Exercise
The expected result is an exact copy of the lines from the one holding "Happy birthday to" to the last line of the material, with pictures removed and nothing added.

Recorded information
══════════════════════════════
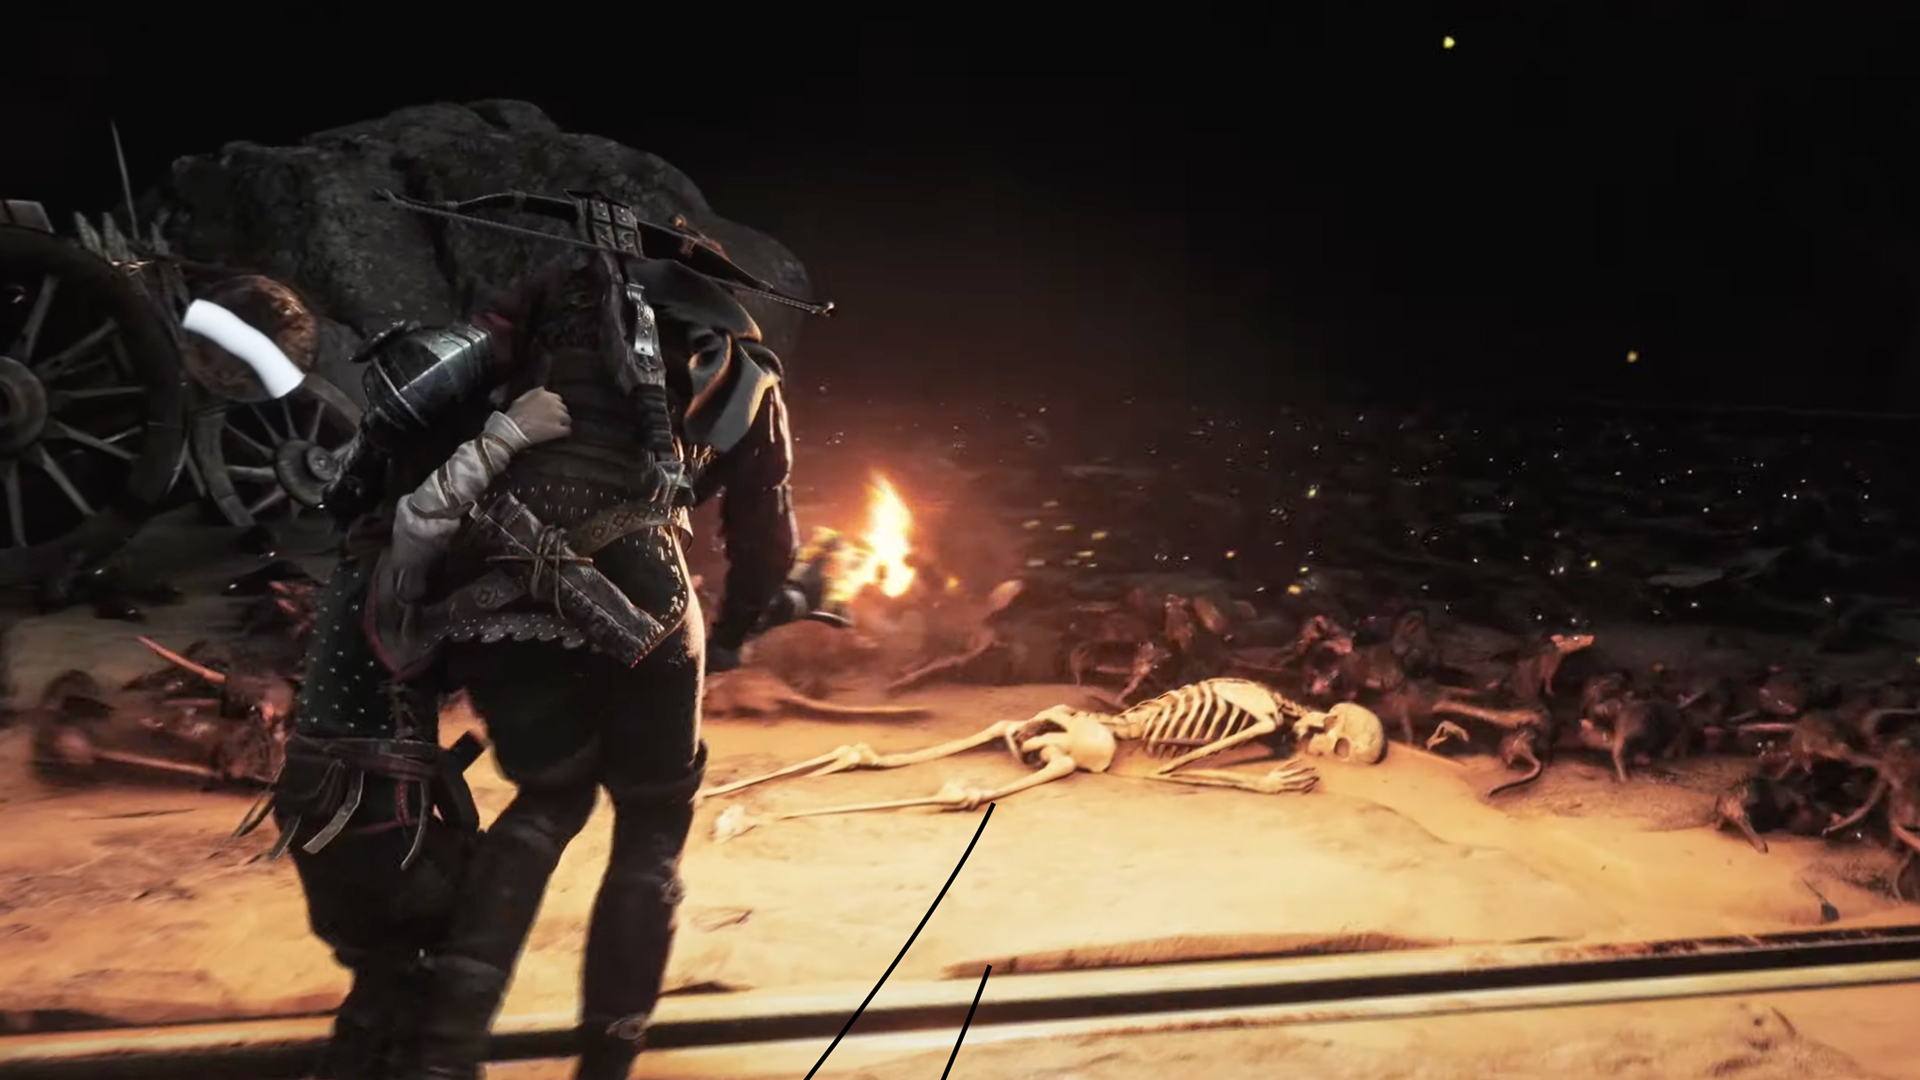 A Plague Tale: Requiem - Gameplay Reveal Trailer
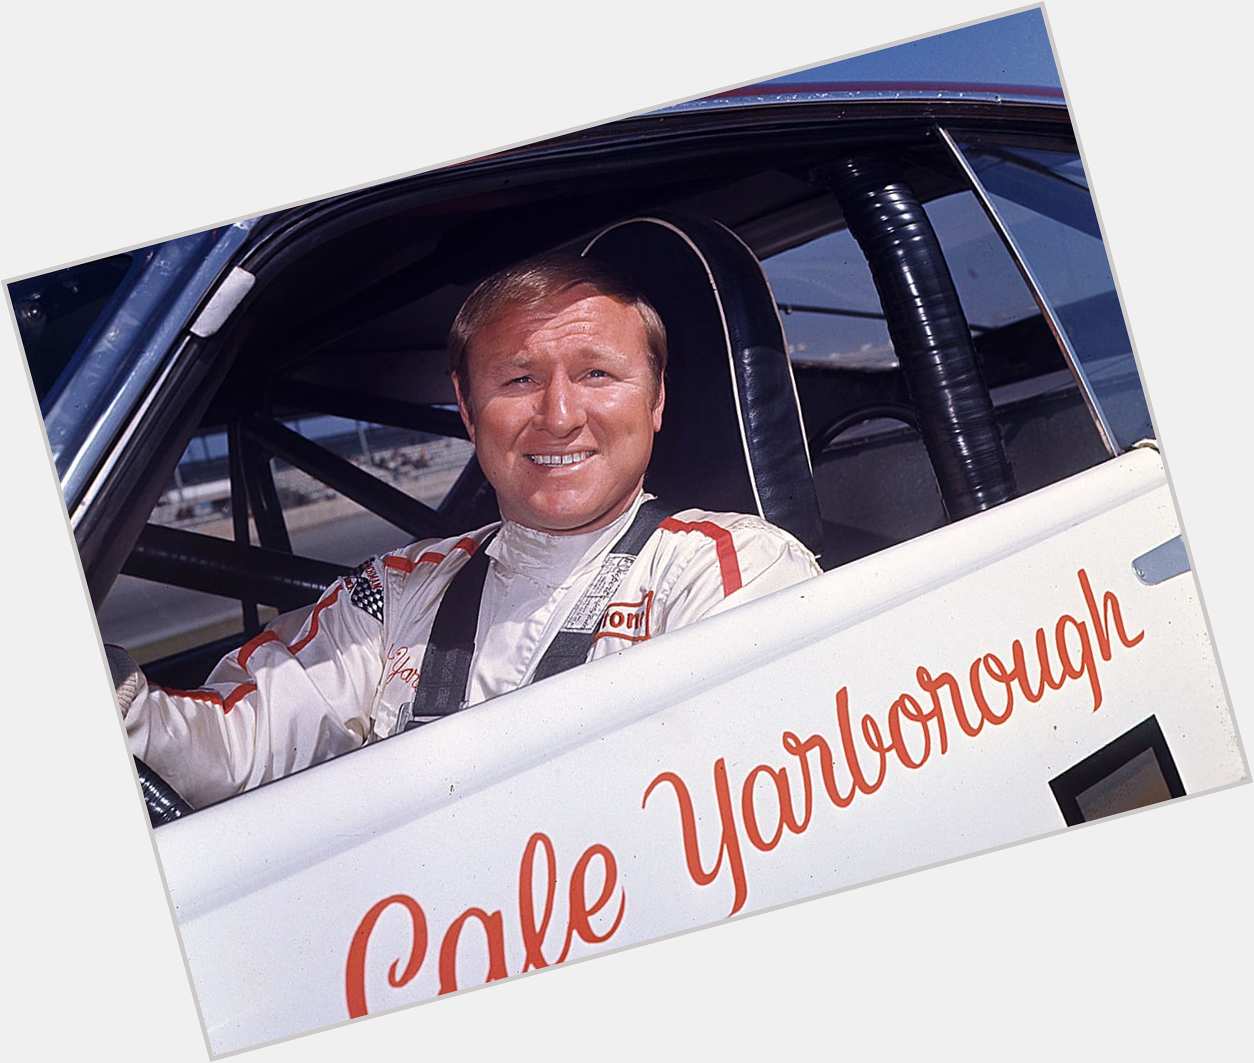 Happy birthday to NASCAR HOFer Cale Yarborough 
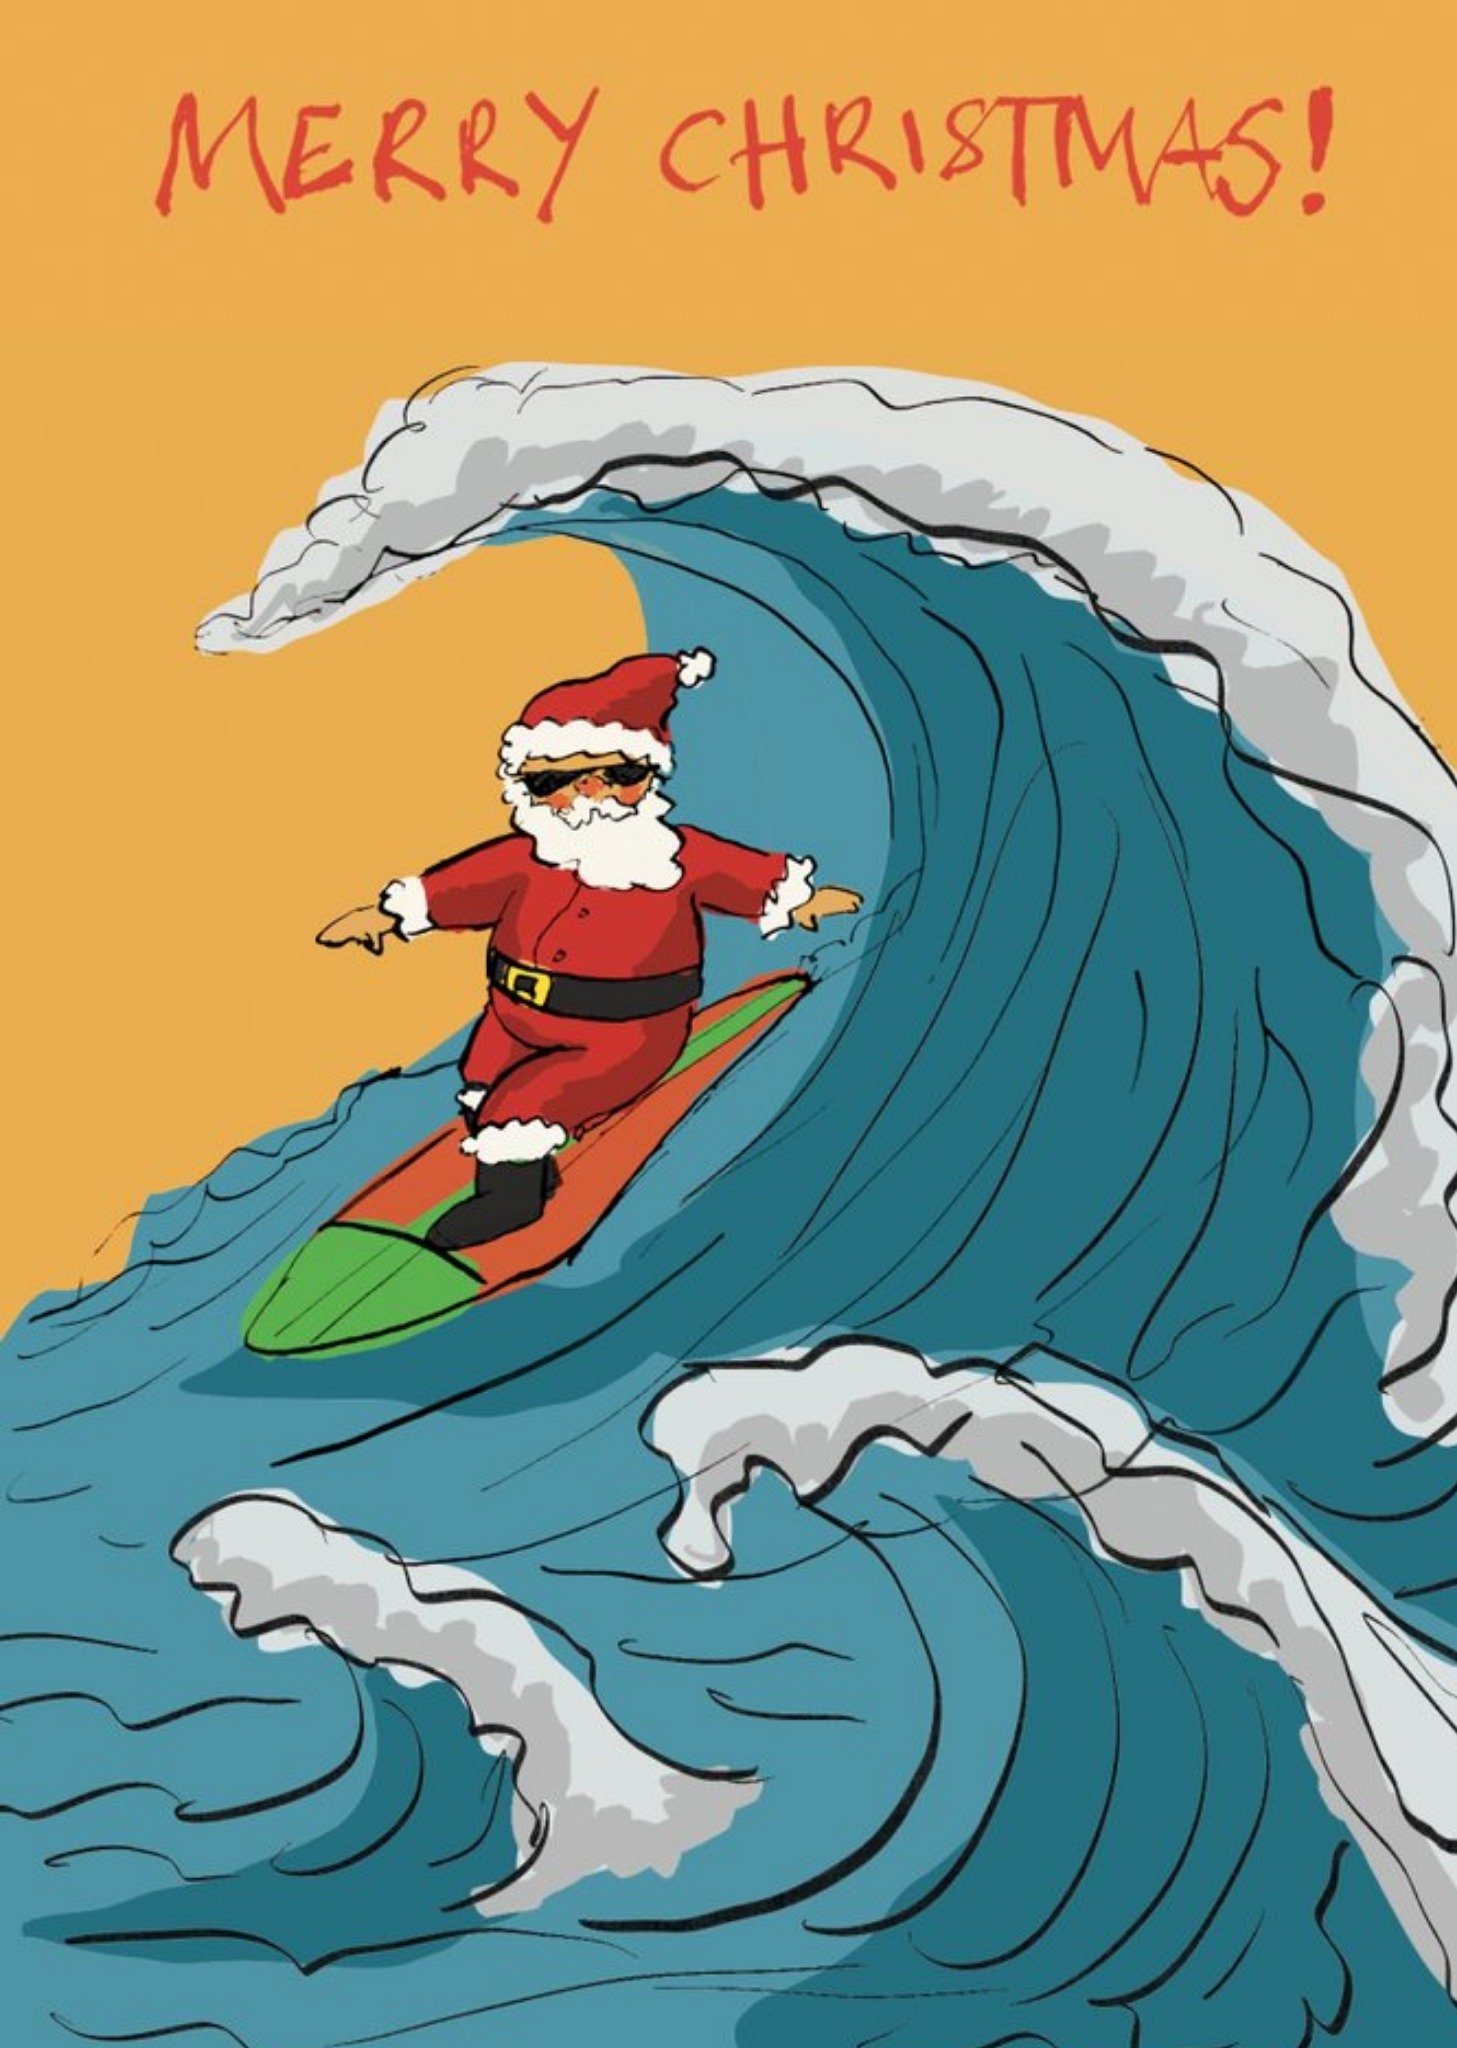 Friends Poet And Painter Surfing Illustration Australia Christmas Card Ecard
══════════════════════════════
Result for this task
 Happy birthday to NASCAR HOFer Cale Yarborough 
 Friends Poet And Painter Surfing Illustration Australia Christmas Card Ecard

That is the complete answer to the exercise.